Segundo Silva (2013), outro aspecto importante dessa (ir)racionalidade é a utilização massiva de avaliações externas como instrumentos que supostamente auxiliam a formulação de políticas educacionais por meio da análise da eficiência das redes de ensino. Nessa chave, o Exame Nacional do Ensino Médio (ENEM), atualmente o principal instrumento de ingresso na ES, torna-se o parâmetro dos conteúdos a serem ensinados e insere a lógica de produção e do controle de qualidade das redes de ensino, a partir de um padrão externo ao trabalho pedagógico realizado nas escolas. Com isso, impõe a toda a Educação Básica a adaptação curricular a esse modelo de avaliação (SOUZA; MINHOTO, 2020).
Importante destacar que, desde o final da década de 2000, com a forte crise econômica mundial e em oposição às promessas de empregabilidade subjacentes a esses cursos de graduação, que tiveram expansão frenética e, mais recentemente, como efeito da pandemia de Covid-19, o mercado de trabalho brasileiro foi tomado por uma diminuição no número de postos, a ampliação de formas precárias de contratação de mãode-obra e o enxugamento dos direitos trabalhistas, estimulando, com isso, o crescimento da economia informal. Tal situação revela que o desenvolvimento científico e tecnológico característico do capitalismo tardio, ao contrário de suavizar o processo de trabalho, vem recrudescendo o desemprego, extinguindo profissões centenárias e ampliando a extração de mais-valia em larga escala.
No entanto, os problemas sociais e educacionais têm sido tratados pelas administrações públicas como questões de gestão, de aplicação de técnicas corretas para a solução de problemas e as privatizações vêm a reboque desse discurso, se impondo como solução, já que no imaginário geral o mercado privado é lócus da eficiência técnica (ADRIÃO, 2022).
A ampliação das condições favoráveis a uma pseudoformação generalizada, principalmente nas IES privadas, contribui para o impedimento da relação ensino-aprendizagem. Há, quando muito, um estímulo à adaptação alienada dos(as) estudantes e a mera reprodução de técnicas esvaziadas de seus conteúdos. As implicações desse fenômeno para a sociedade são que os indivíduos não refletem mais sobre os motivos estruturais que levam à reprodução do sofrimento, das desigualdades, da pobreza e da violência, não havendo espaço para o desenvolvimento de uma consciência crítica sobre a estrutura e as contradições inerentes ao funcionamento do capitalismo contemporâneo.

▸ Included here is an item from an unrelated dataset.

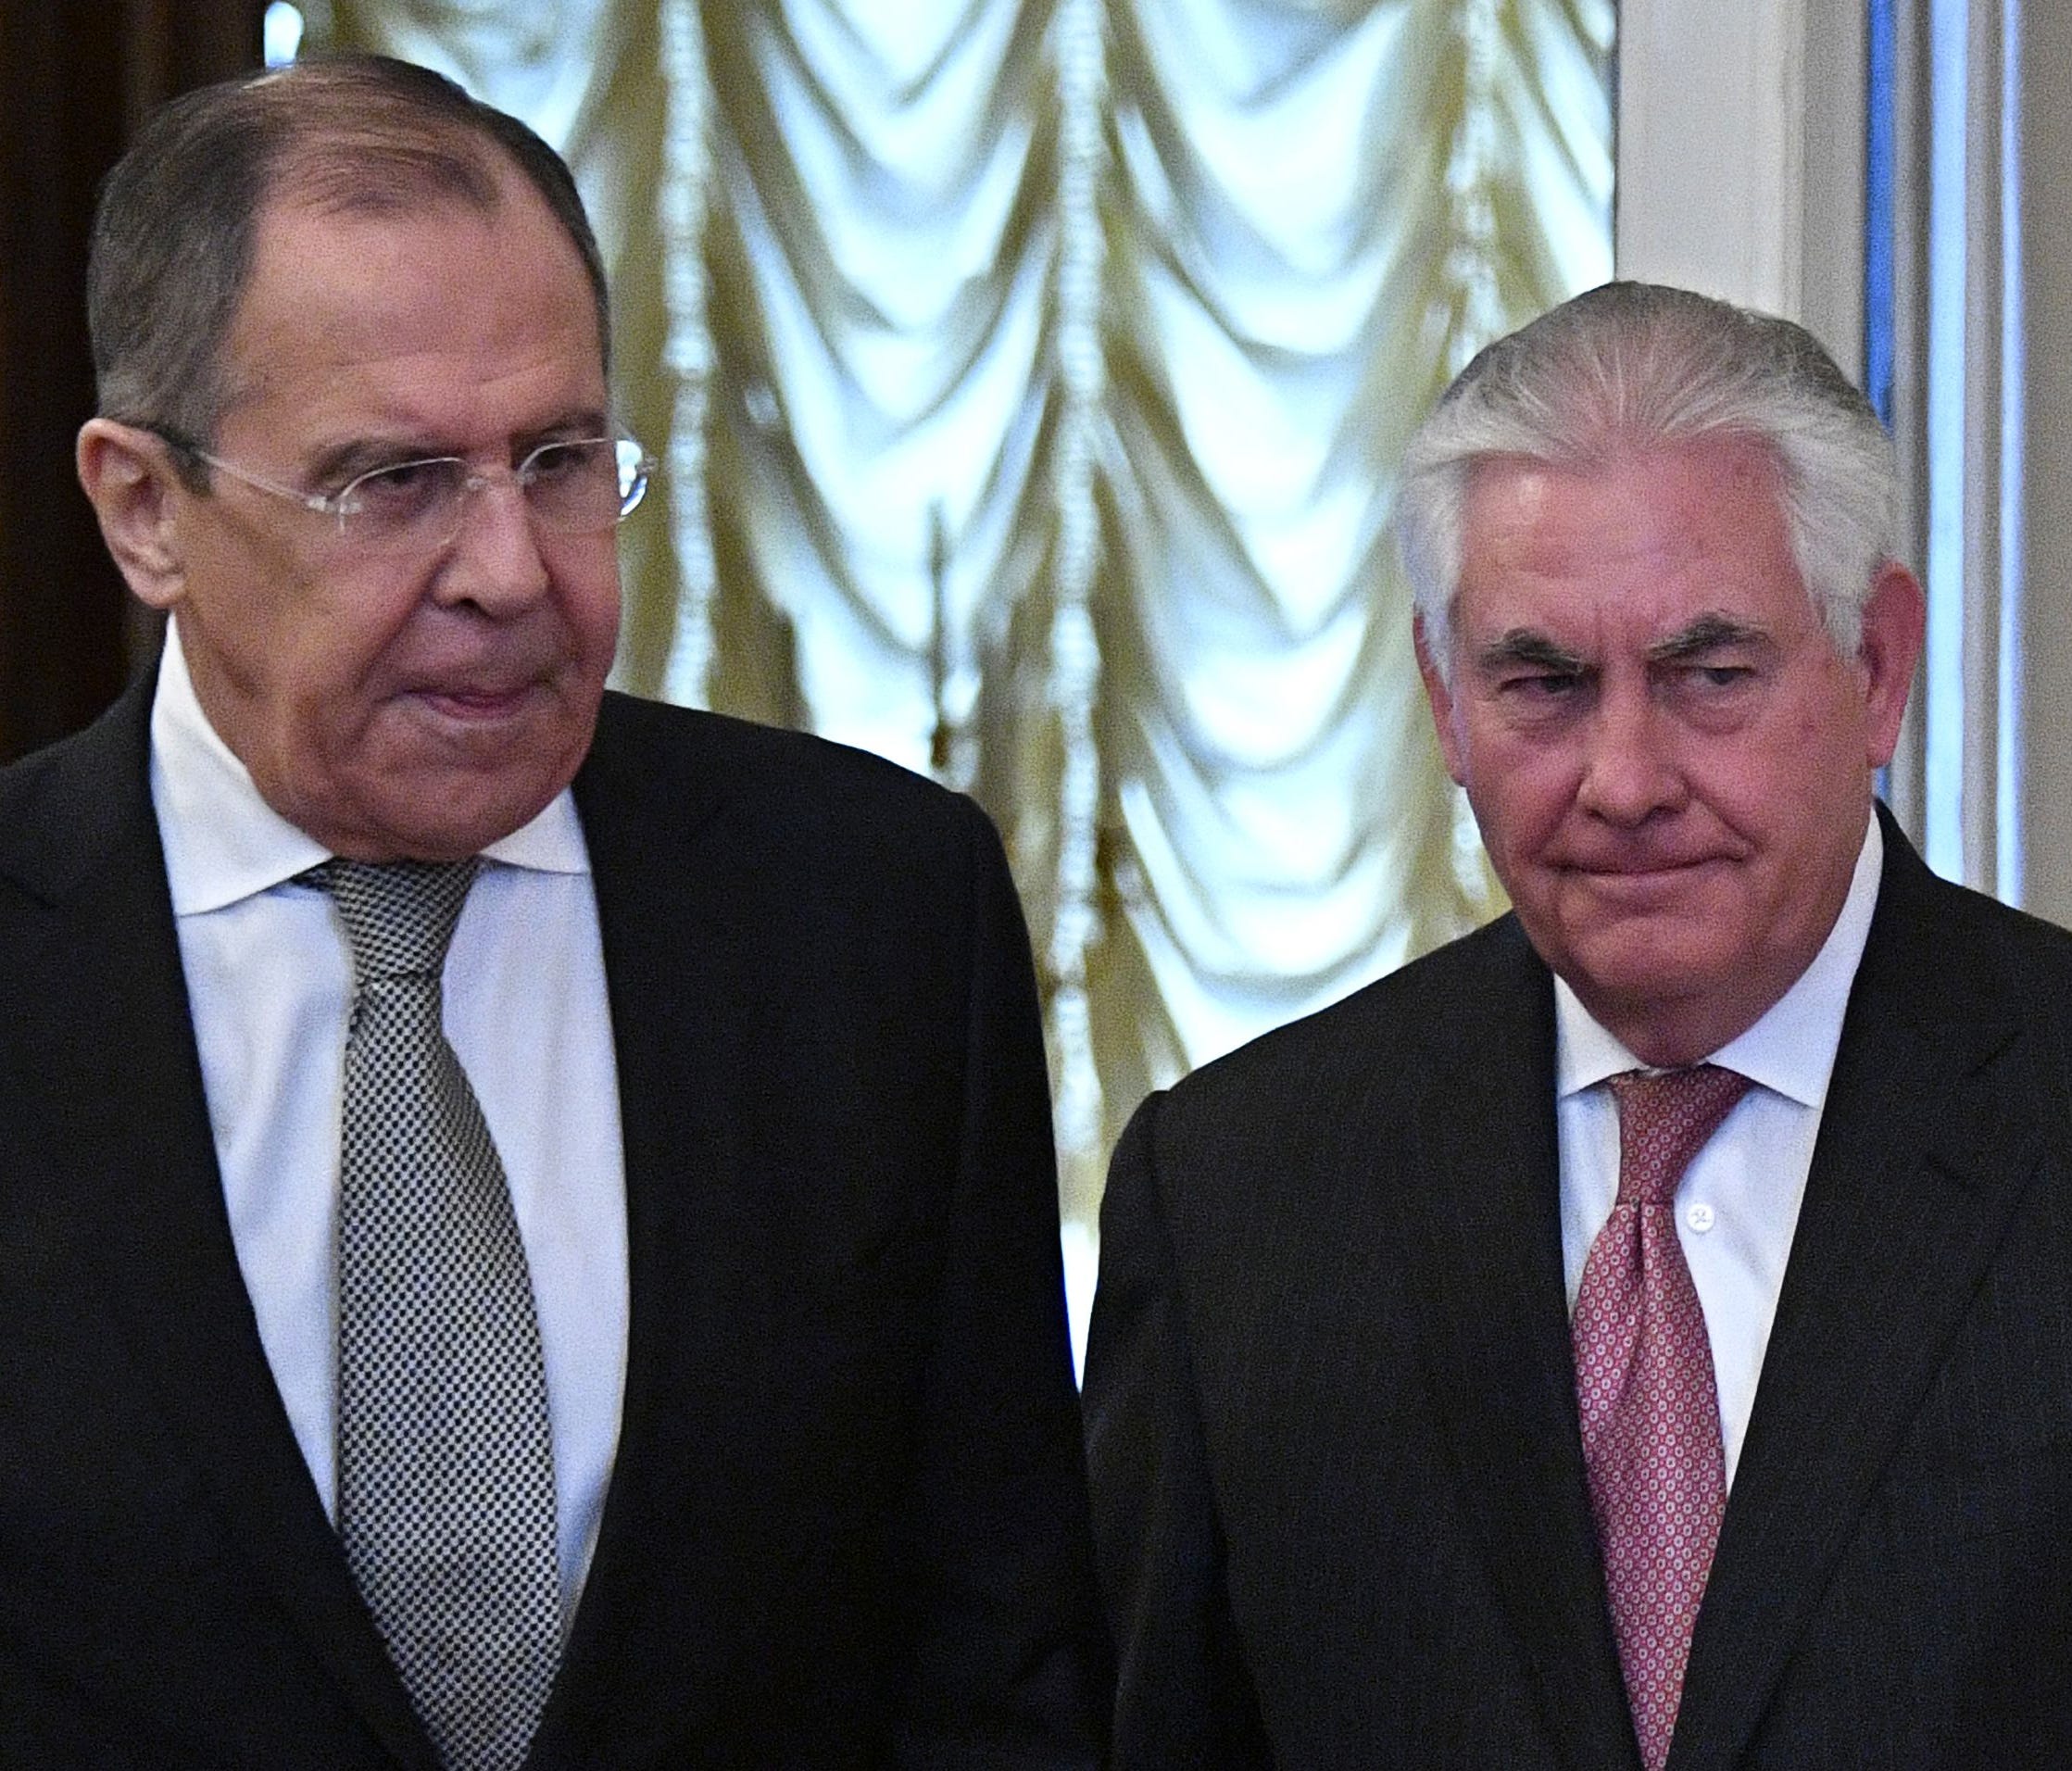 Russian Foreign Minister Sergei Lavrov and Secretary of State Rex Tillerson enter a hall during a meeting in Moscow on April 12, 2017.

Desafios à formação docente na bibliografia recente
É nesse contexto que a pseudocultura se impõe, que a formação (bildung), entendida aqui como a capacidade de fazer experiências e a possibilidade de uma alteridade que permita a consciência, acaba transformando-se em pseudoformação (ADORNO, 1993). A constituição subjetiva dos indivíduos é severamente alijada, já que a pseudoformação nega a possibilidade de experimentar o mundo. Ademais, a ideologia acaba por encobrir as relações de dominação que se apresentam neste cenário. Por sua vez, a indústria cultural torna a dominação mais sutil e potente, ocupando o espaço que a formação e o autoconhecimento poderiam prosperar (ADORNO; HORKHEIMER, 1985). Desse modo, a maneira como os(as) docentes são formados(as) ganha relevância, já que tem implicações diretas sobre a dimensão política na qual os cursinhos populares estão historicamente inscritos e sobre a qual buscam se debruçar.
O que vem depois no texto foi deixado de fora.